Matrimonial Causes Act 1965
- Parliament of the United Kingdom
- Long title: An Act to consolidate certain enactments relating to matrimonial causes, maintenance and declarations of legitimacy and British nationality, with corrections and improvements made under the Consolidation of Enactments (Procedure) Act 1949.
- Citation: 1965 c. 72
- Territorial extent: England and Wales

Dates
- Royal assent: 8 November 1965
- Commencement: 1 January 1966

Other legislation
- Amends: See § Repealed enactments
- Repeals/revokes: See § Repealed enactments
- Amended by: Family Provision Act 1966; Family Law Reform Act 1969; Law Reform (Miscellaneous Provisions) Act 1970; Nullity of Marriage Act 1971; Matrimonial Causes Act 1973; Inheritance (Provision for Family and Dependants) Act 1975; Statute Law (Repeals) Act 1976; Statute Law (Repeals) Act 1977; Domestic Proceedings and Magistrates' Courts Act 1978; Police and Criminal Evidence Act 1984;

Status: Partially repealed

Text of statute as originally enacted

Revised text of statute as amended

Text of the Matrimonial Causes Act 1965 as in force today (including any amendments) within the United Kingdom, from legislation.gov.uk.

= Matrimonial Causes Act 1965 =

Act of the Parliament of the United Kingdom

The Matrimonial Causes Act 1965 (c. 72) is an act of the Parliament of the United Kingdom that consolidated enactments relating to matrimonial causes, maintenance, and declarations of legitimacy and British nationality in England and Wales.

== Provisions ==
=== Repealed enactments ===
Section 45 of the act repealed 12 enactments, listed in schedule 2 to the act.
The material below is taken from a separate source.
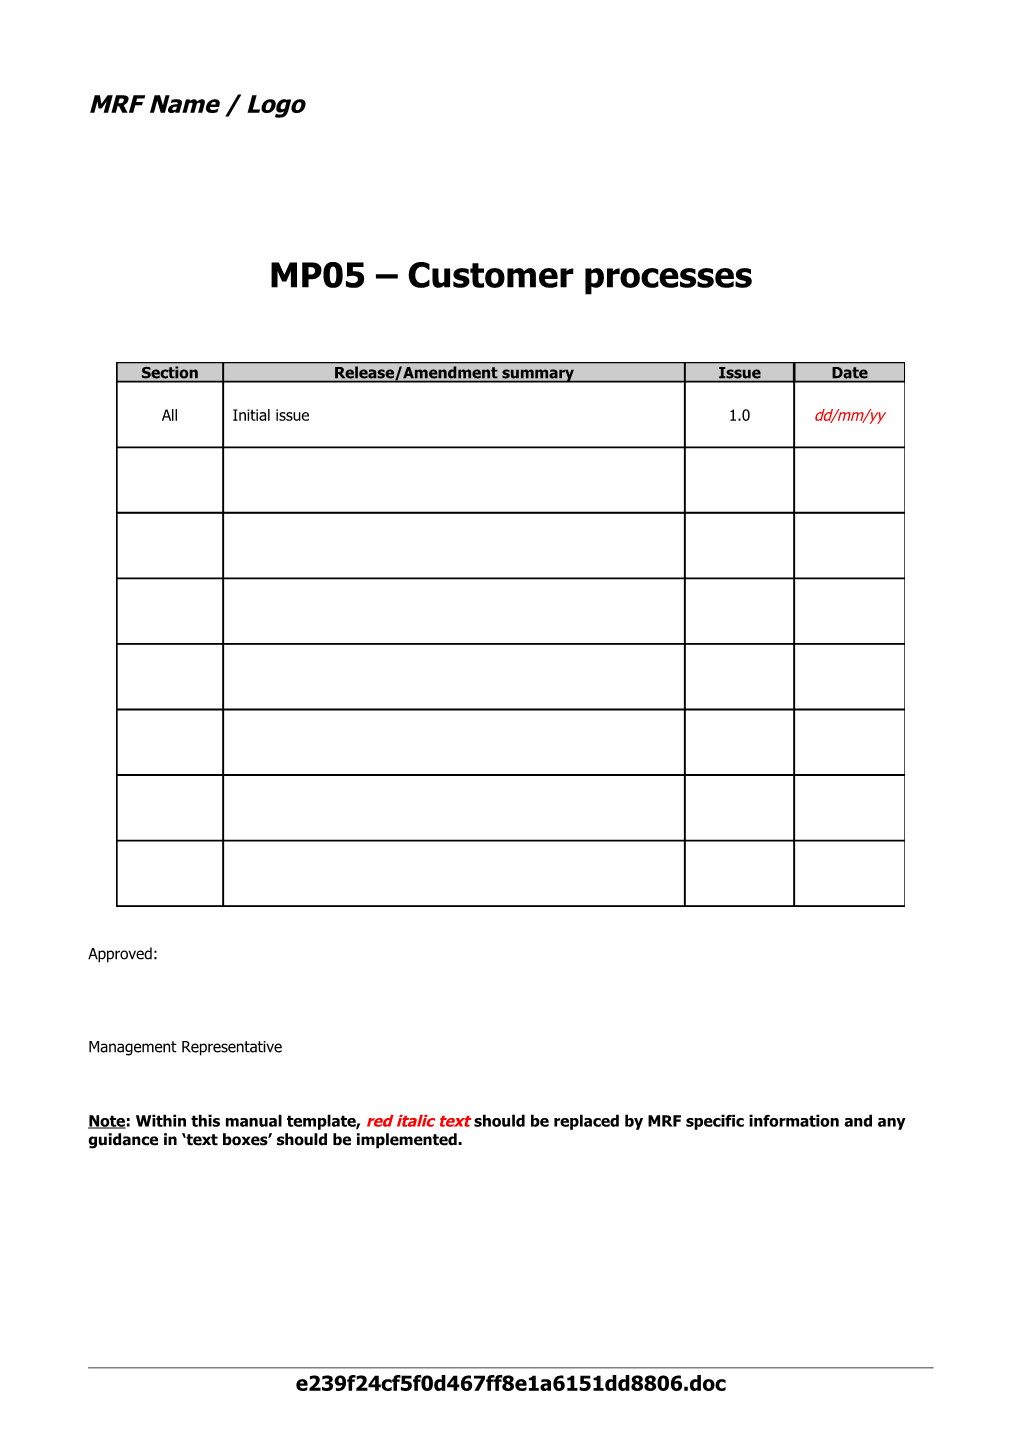 MP05 Customer Processes

| Citation | Short title | Extent of repeal |
|---|---|---|
| 49 & 50 Vict. c. 27 | Guardianship of Infants Act 1886 | Section 7. |
| 14 Geo. 6. c. 25 | Matrimonial Causes Act 1950 | The whole act. |
| 4 & 5 Eliz. 2. c. 46 | Administration of Justice Act 1956 | Section 31(2). |
| 5 & 6 Eliz. 2. c. 35 | Maintenance Agreements Act 1957 | The whole act. |
| 6 & 7 Eliz. 2. c. 35 | Matrimonial Causes (Property and Maintenance) Act 1958 | Sections 1 to 6 and the Schedule. |
| 6 & 7 Eliz. 2. c. 40 | Matrimonial Proceedings (Children) Act 1958 | The whole act, except sections 17 and 18. In section 17, the words from "and in" onwards. Section 18(4). |
| 6 & 7 Eliz. 2. c. 54 | Divorce (Insanity and Desertion) Act 1958 | The whole act. |
| 7 & 8 Eliz. 2. c. 72 | Mental Health Act 1959 | In Schedule 7, the entry relating to the Matrimonial Causes Act 1950. |
| 7 & 8 Eliz. 2. c. 73 | Legitimacy Act 1959 | Section 2(6). |
| 8 & 9 Eliz. 2. c. 61 | Mental Health (Scotland) Act 1960 | In Schedule 4, the entry relating to the Matrimonial Causes Act 1950. |
| 10 & 11 Eliz. 2. c. 21 | Commonwealth Immigrants Act 1962 | In section 20(1), the words from the beginning to "1950 and". |
| 1963 c. 45 | Matrimonial Causes Act 1963 | The whole act. |

== Subsequent developments ==
Most provisions of the act were repealed by section 54(1)(b) of, and schedule 3 to, the Matrimonial Causes Act 1973, which came into force on 1 January 1974. Sections 26 to 28A were subsequently repealed by sections 26 and 27(3) of, and the schedule to, the Inheritance (Provision for Family and Dependants) Act 1975. Section 38 was repealed by the Statute Law (Repeals) Act 1976, and words in section 46(4) were repealed by the Statute Law (Repeals) Act 1977. Section 42 was repealed by schedule 3 to the Domestic Proceedings and Magistrates' Courts Act 1978, and section 43(1) was repealed by the Police and Criminal Evidence Act 1984. Section 8(2), which provides that no clergyman of the Church of England or the Church in Wales shall be compelled to solemnise the marriage of a person whose former marriage has been dissolved and whose former spouse is still living, remains in force.

Section 38 of the act was repealed by section 1(1) of, and part I of schedule 1 to, the Statute Law (Repeals) Act 1976, which came into force on 27 May 1976.